Quote:
First of all, emufx.c, of the emu10k1 driver, was bugged, with two cases in a switch that didn't appear to be integer (couldn't find out why... My C is fading...

). I commented them out (surely rendering bugged the whole driver) and went on.
http://svn.debian.org/wsvn/kernel/trunk ... rev=0&sc=0
This is the official fix.
Quote:
It ends up with a warning about a module, but it didn't seem of any importance.
The big problem is: at boot, the kerenel image does not inflate (when it says gunzipping, the second line of output after the boot command in OpenFirmware), and the error message has no other explanation. Only an error code -5.
What could that be??
This is discussed along with a few other Gentoo installation bugs, at Stuart Herbert's diary;
http://stu.gnqs.org/diary/archives/2004/12/15/77/
What happens is the OpenFirmware boots the small Linux CHRP boot loader, which decompresses a kernel image into a small area of memory.

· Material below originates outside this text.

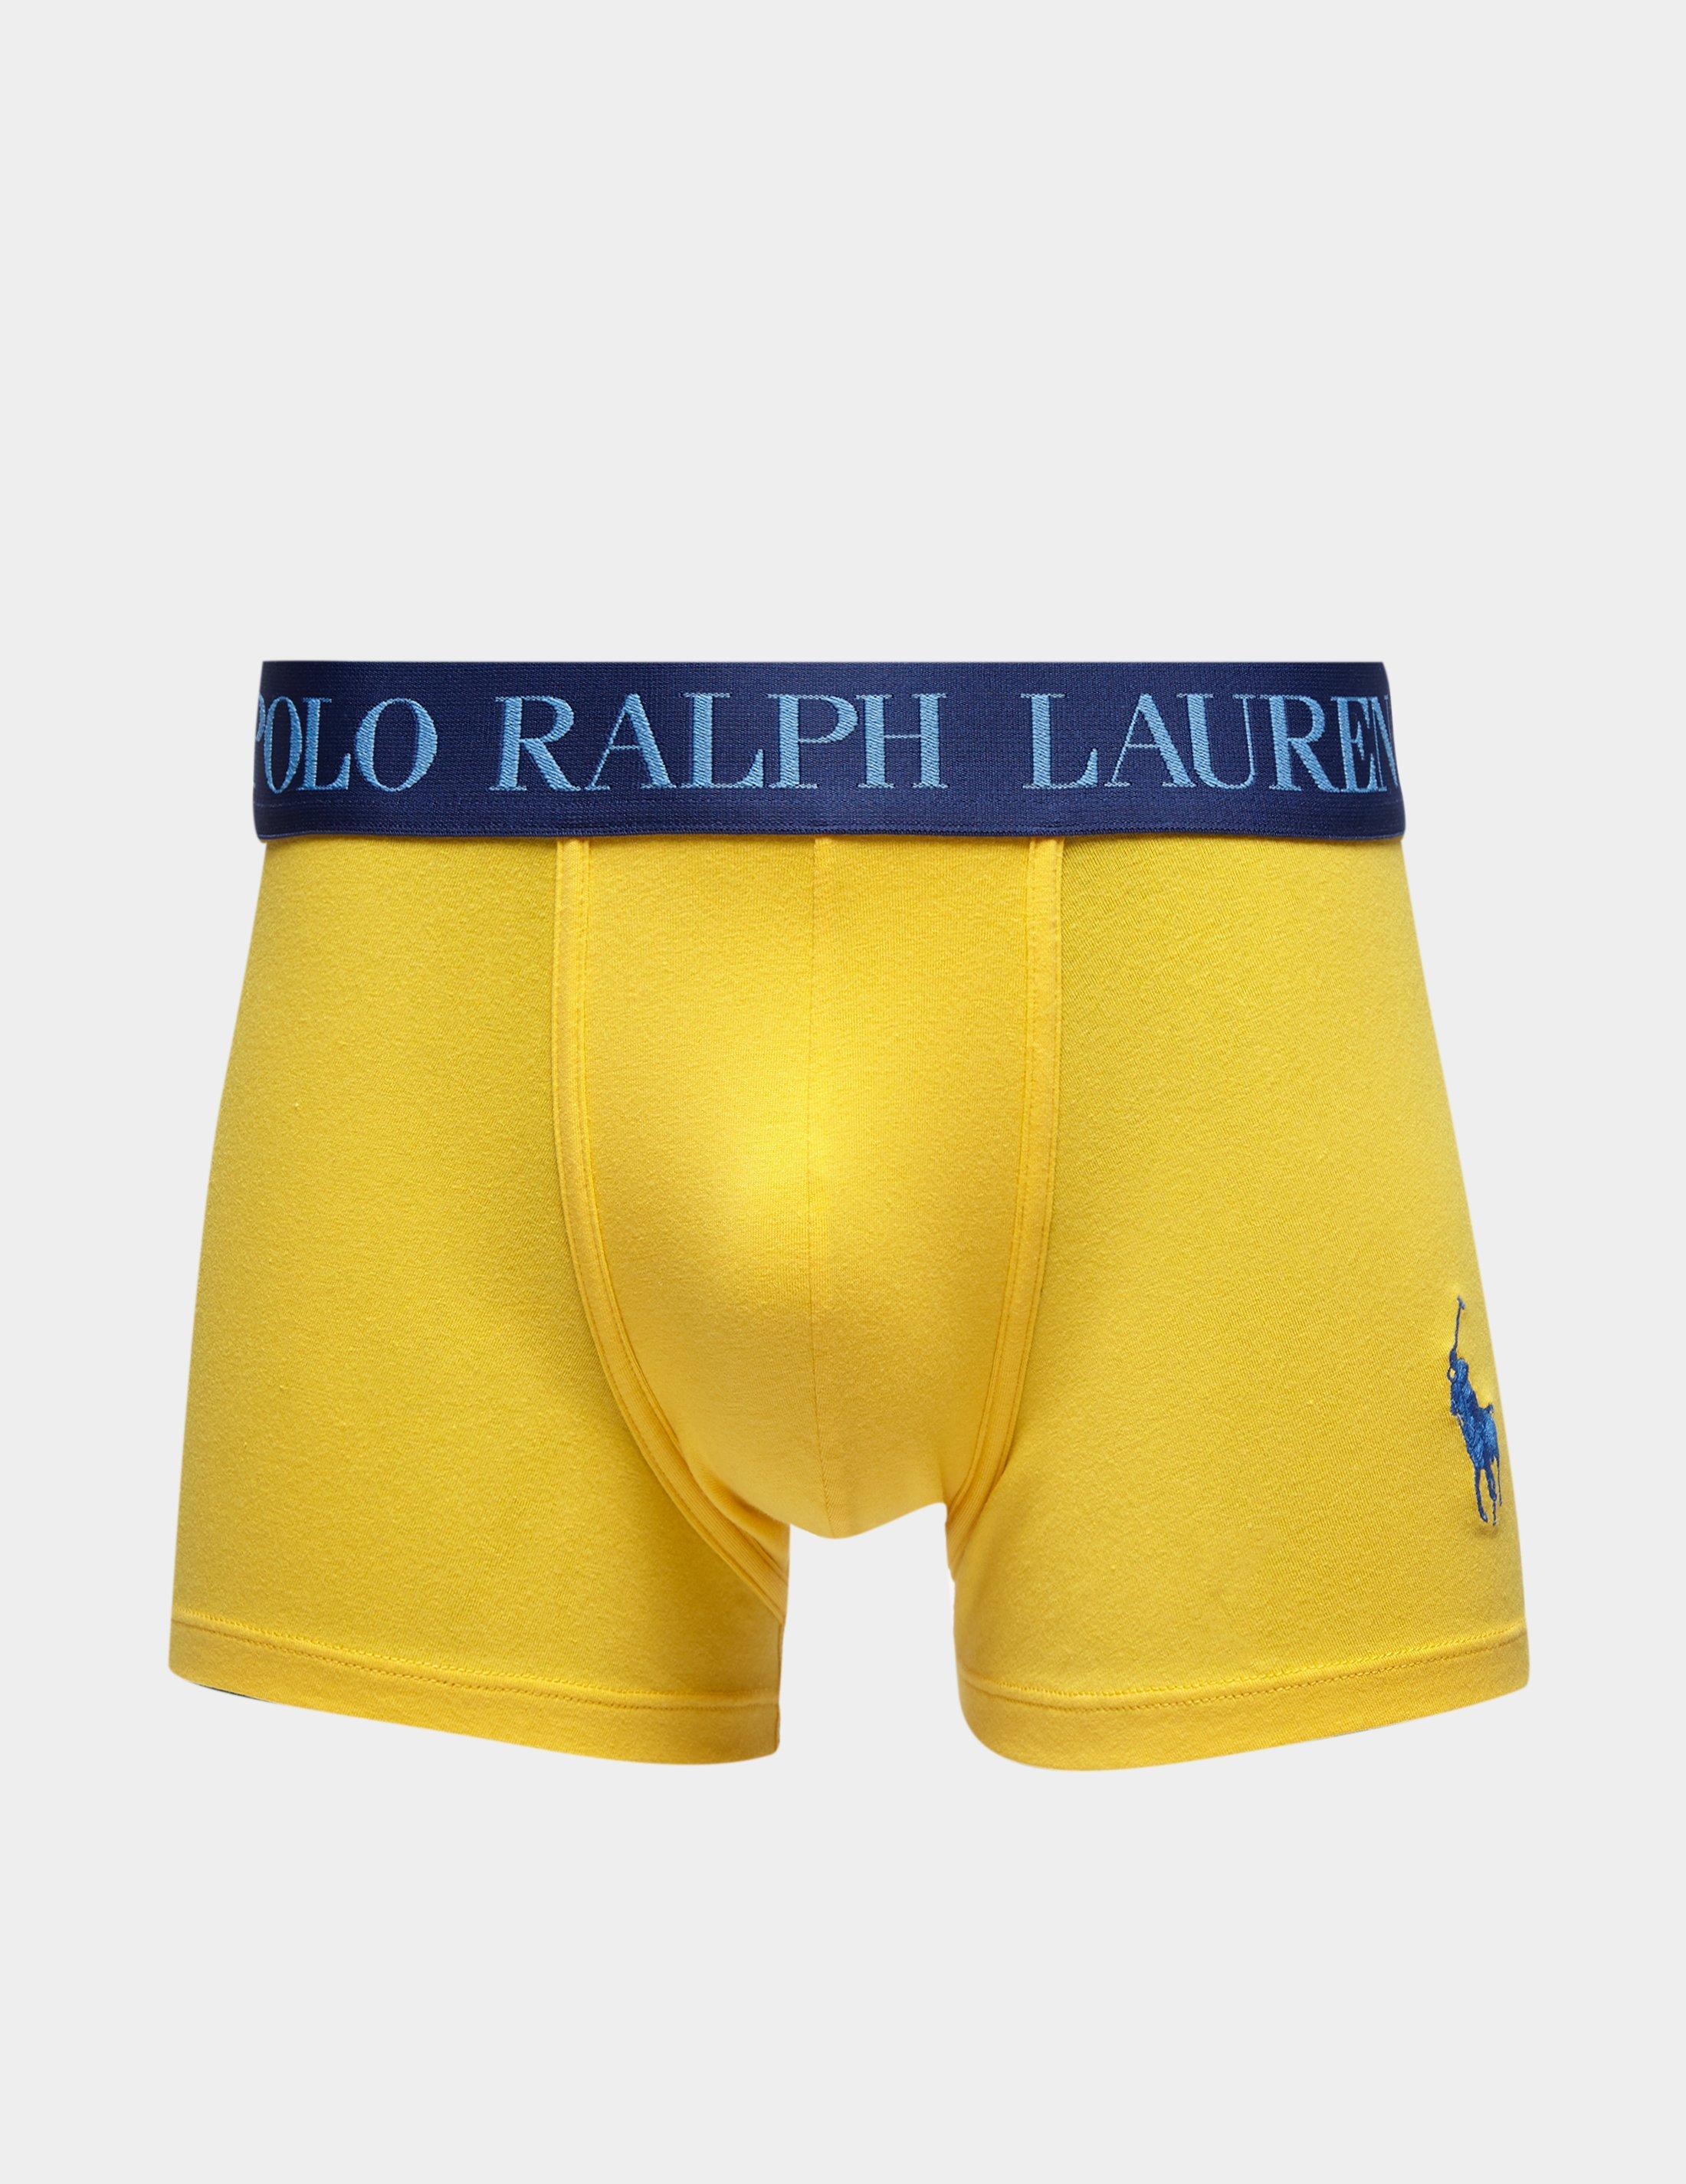 Polo Ralph Lauren Bright Boxer Shorts in Yellow for Men - Lyst

By default this is located at the 4MB boundary - OF variable "load-base" contains the absolute address. The kernel ends up decompressing over it's own code and the zipped image because of the way the firmware memory map.
What you can do is set your "load-base" variable such that it is set to the 32MB boundary (setenv load-base 0x2000000) so that it is mapped BEYOND the firmware memory area, and has plenty of space to decompress into (up to the limit of available memory).
The load-base is set so low in order to allow systems to boot with less than 32MB of memory. Unless you have a decompressed kernel more than 4MB in size you should never run into it.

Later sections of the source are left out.